Billboard-measuring Geopath enters the 21st century with new geolocation platform
Called Insights Suite, it updates the 75-year-old nonprofit organization’s previous methods that employed federal traffic data and surveys.
As those hulking static billboards have been replaced by bright and frequently changing digital signage, the out-of-home (OOH) market has seen a variety of vendors offer a range of platforms and techniques for measuring effectiveness.
This week, a 75-year-old nonprofit organization, Geopath, is releasing a new Insights Suite that is trying to bring more order to ad measurement in the great outdoors.
Founded in 1933 as the Traffic Audit Bureau for Media Measurement, the organization originally collected data by sending out people with clickers to count cars and passersby, by conducting surveys and by utilizing traffic data from the US Department of Transportation.
But the Department of Transportation only updates its data a few times a year, and clickers only get you so far. So, the organization rebranded as Geopath in 2016 and began a transformation that is typified by this week’s release.
Geopath president Kym Frank described Insights Suite as “game-changing” for the industry, in part because it makes the same location-oriented data available to everyone.

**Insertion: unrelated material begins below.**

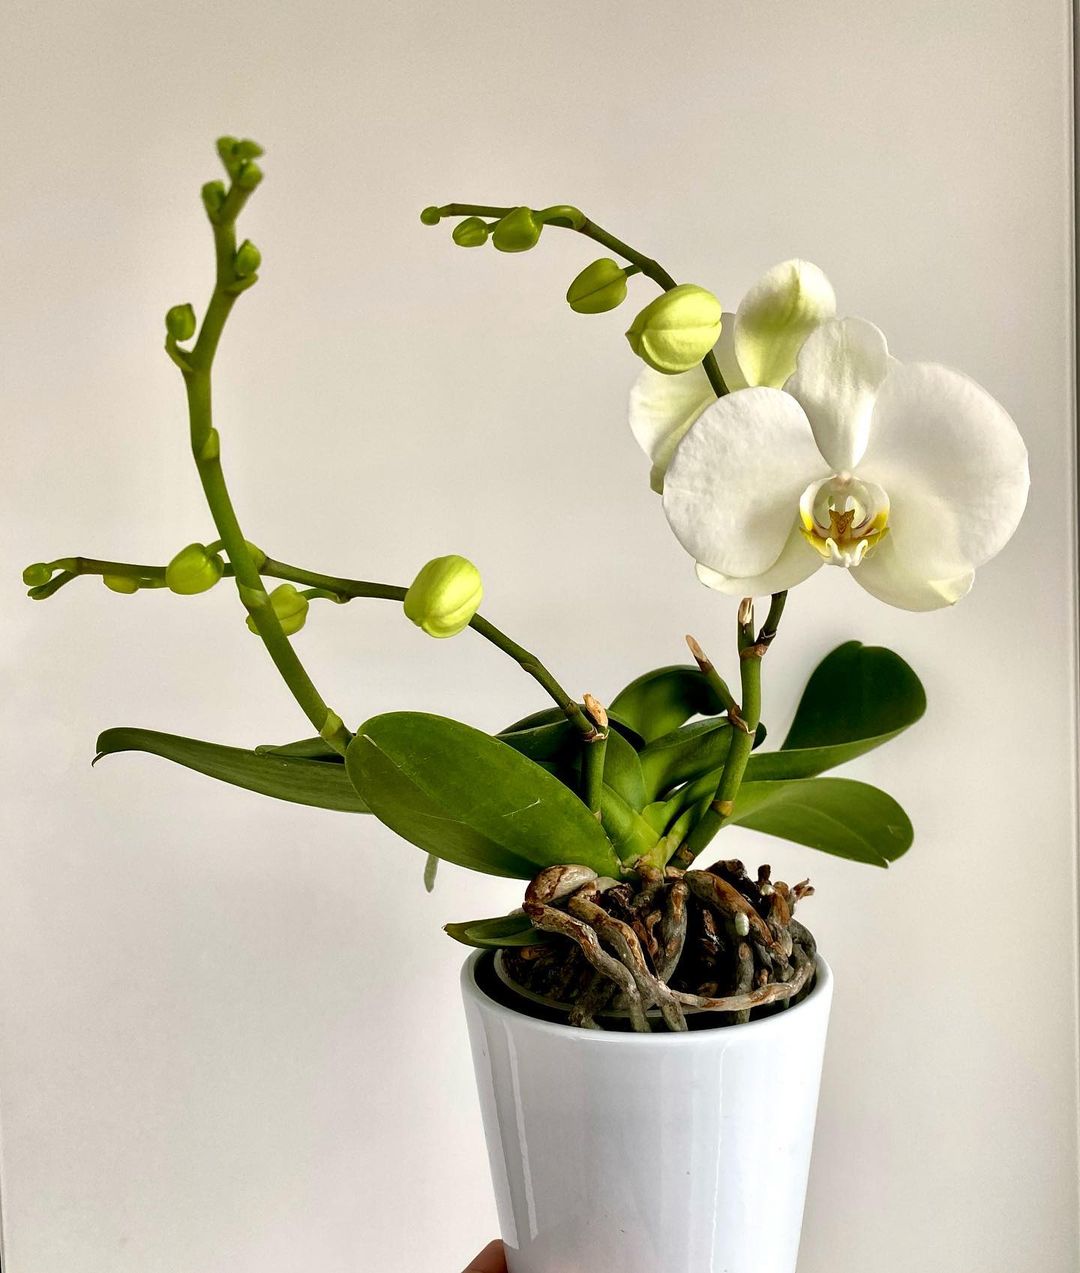 Personalized Phalaenopsis Orchid Care: Water, Light, Nutrients | Greg App

The data is captured from a variety of sources. These include software development kits (SDKs) on apps distributed by an outside vendor, SafeGraph. In exchange for free apps for weather and other functions, users agree to share their location data. Info also comes from surveys by Claritas, helping to indicate the interests, favorite TV shows and other attributes of specific neighborhoods.
Geopath also utilizes aggregate data from wireless providers and makers of connected cars, the latter of which supplies traffic volume, speed and roadway mapping. Frank said that no permission is needed for the wireless provider or car data because it is anonymized and only available as an aggregate.
The Geopath platform creates hourly and daily readings of traffic, impressions and probabilistic likelihoods that dwellers in a given neighborhood block who recently visited a Starbucks, for instance, might also be walking by a given billboard or other signage. Here’s a screen shot from the platform:
Frank said that many of the recently launched ad-booking and ad-serving platforms for digital outdoor signs have started to employ Geopath’s Insights Suite in their efforts.
The new platform applies to both digital and static signs, on billboards, buses and bus stops, interior locations like subway stops and other venues. Soon, Frank said, the platform will include signs on mobile fleets, like taxicabs.
The previous legacy data is employed for calibration, she said, and, if any of the 250 member organizations — representing advertisers, sign inventory owners, agencies and media companies — have sensor information, Geopath will use it. Some sign companies, for instance, have started to employ small cameras for capturing passing traffic or pedestrians. But interactive data from responsive billboards, such as ones used in a recent campaign by National Geographic, is not currently ingested.